Boucherat Olivier, Jeannotte Lucie, Hadchouel Alice, Delacourt Christophe, Benachi Alexandra
Institut Universitaire de Cardiologie et de Pneumologie de Québec, Université Laval, Québec, QC, Canada, G1 V 4G5.
Centre de recherche sur le cancer de l'Université Laval, CRCHUQ, L'Hôtel-Dieu de Québec, QC, Canada; Département de Biologie Moléculaire, Biochimie Médicale et Pathologie, Université Laval, Québec, Canada.
Paediatr Respir Rev. 2016 Jun;19:62-8. doi: 10.1016/j.prrv.2015.11.011. Epub 2016 Feb 3.
It is well established that a number of birth defects are associated with improper formation of the respiratory tract. Important progress has been made in the identification of components of the regulatory networks controlling lung morphogenesis. They comprise a variety of soluble factors, receptors, transcription factors, and miRNAs.
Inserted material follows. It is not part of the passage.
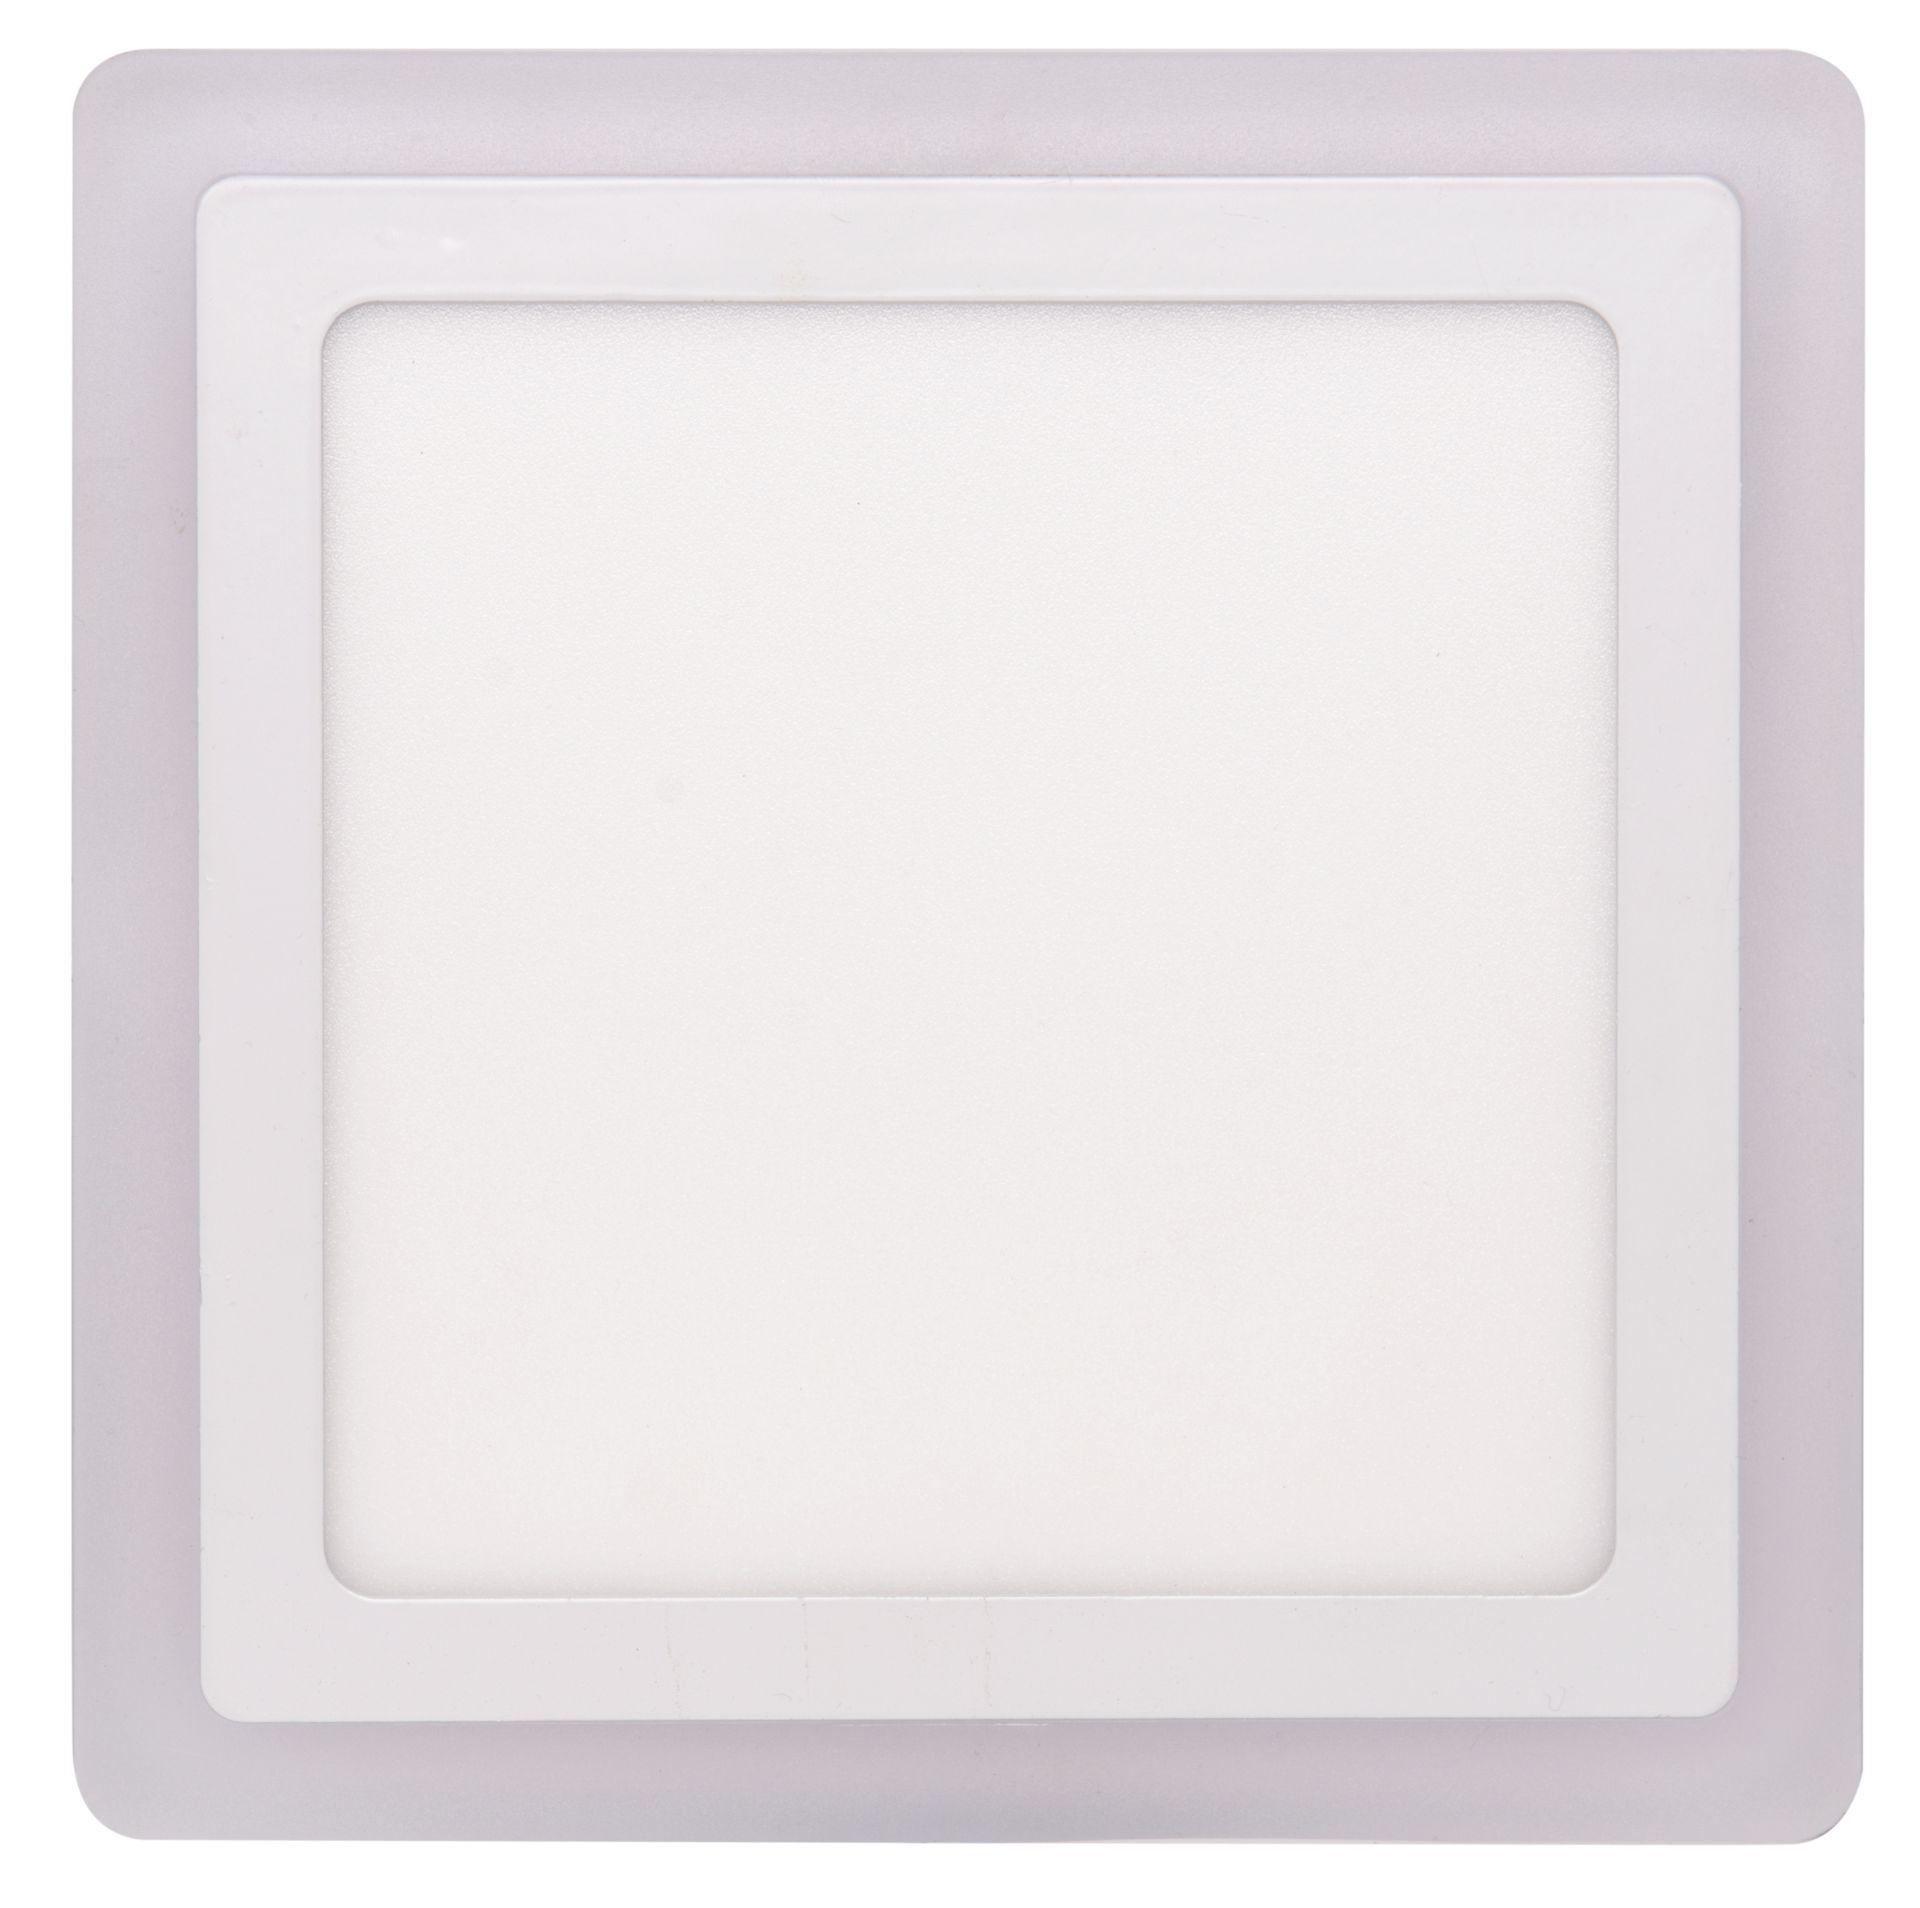 Ecolite Biely vstavaný LED panel hranatý 245 x 245mm 18W+6W podsvietený LED-DUO-S18W
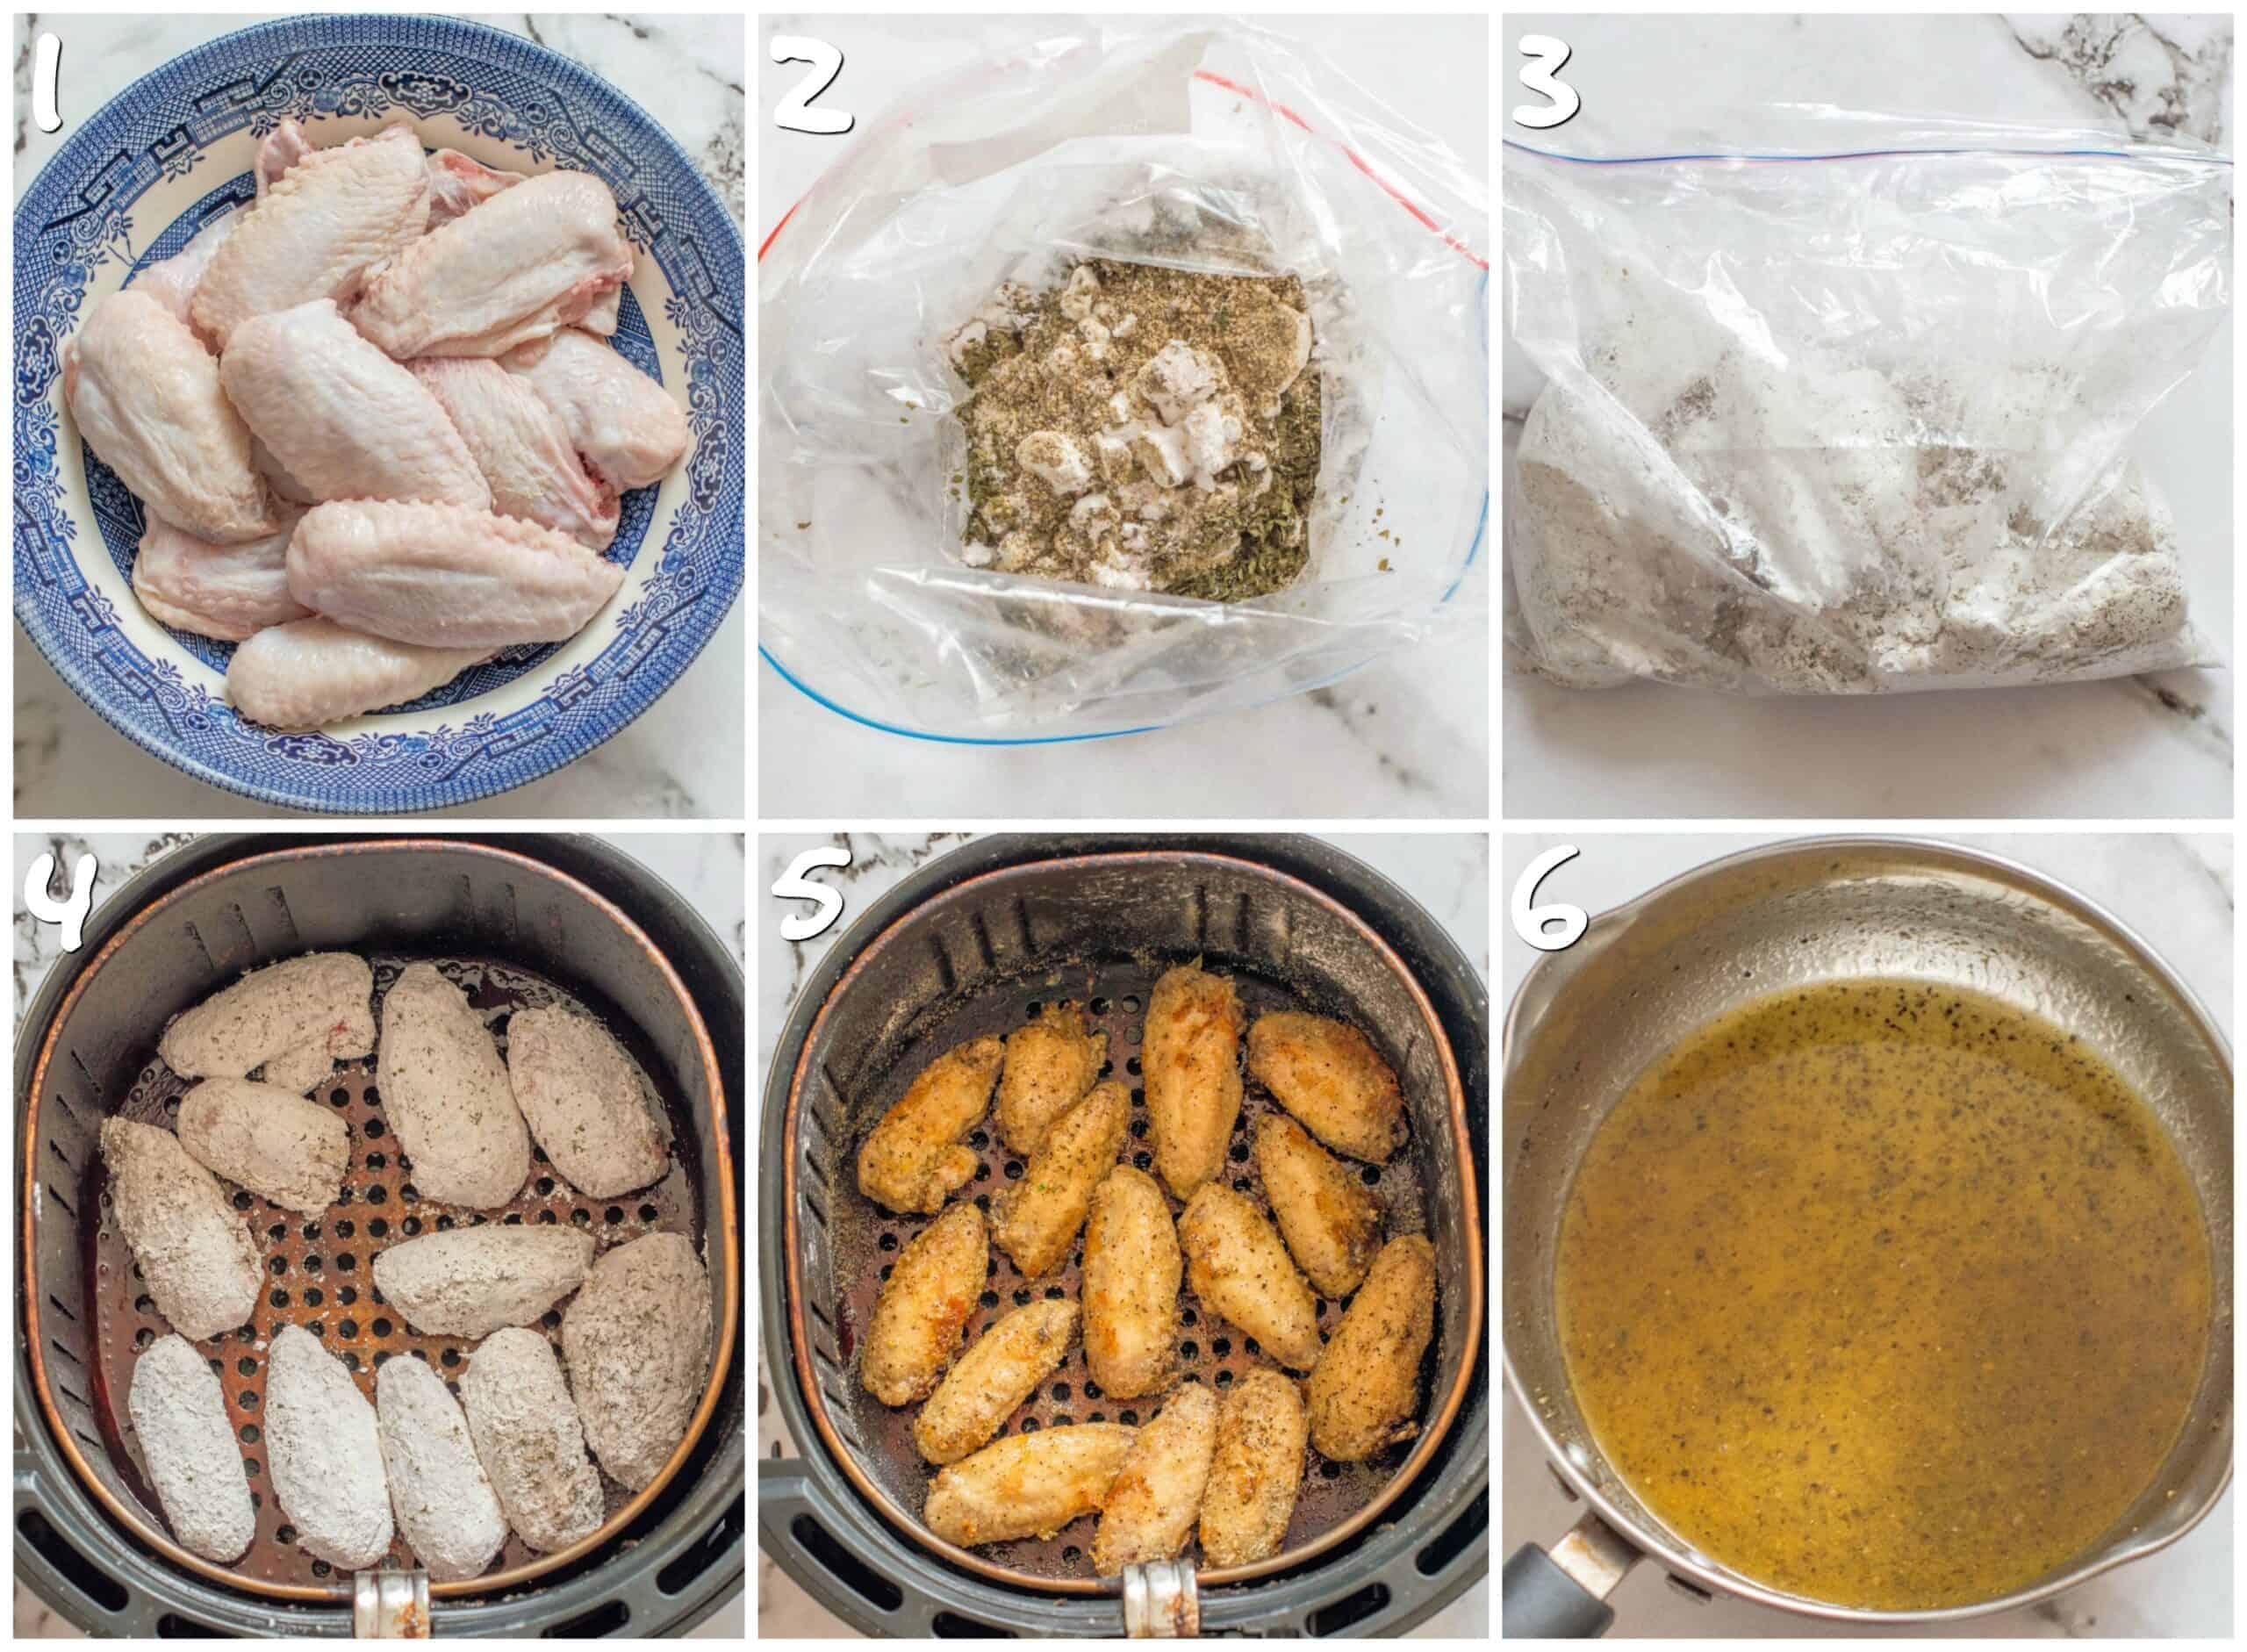 steps 1-6 prepping the chicken

However, the underlying molecular mechanisms remain unsolved and fundamental questions, such as those related to lung branching are still unanswered. Congenital cystic lung diseases consist of a heterogeneous group of rare lung diseases mainly detected prenatally and characterized by airway dilatation. Despite their apparent phenotypic heterogeneity, these malformations are proposed to be related to a common malformation sequence occurring during lung branching morphogenesis.
众所周知,许多出生缺陷与呼吸道的异常形成有关。在识别控制肺形态发生的调控网络的组成部分方面已经取得了重要进展。它们包括多种可溶性因子、受体、转录因子和微小RNA。然而,潜在的分子机制仍未解决,一些基本问题,如与肺分支相关的问题,仍然没有答案。先天性囊性肺病是一组异质性的罕见肺病,主要在产前被检测到,其特征是气道扩张。尽管它们在表型上明显异质性,但这些畸形被认为与肺分支形态发生过程中出现的共同畸形序列有关。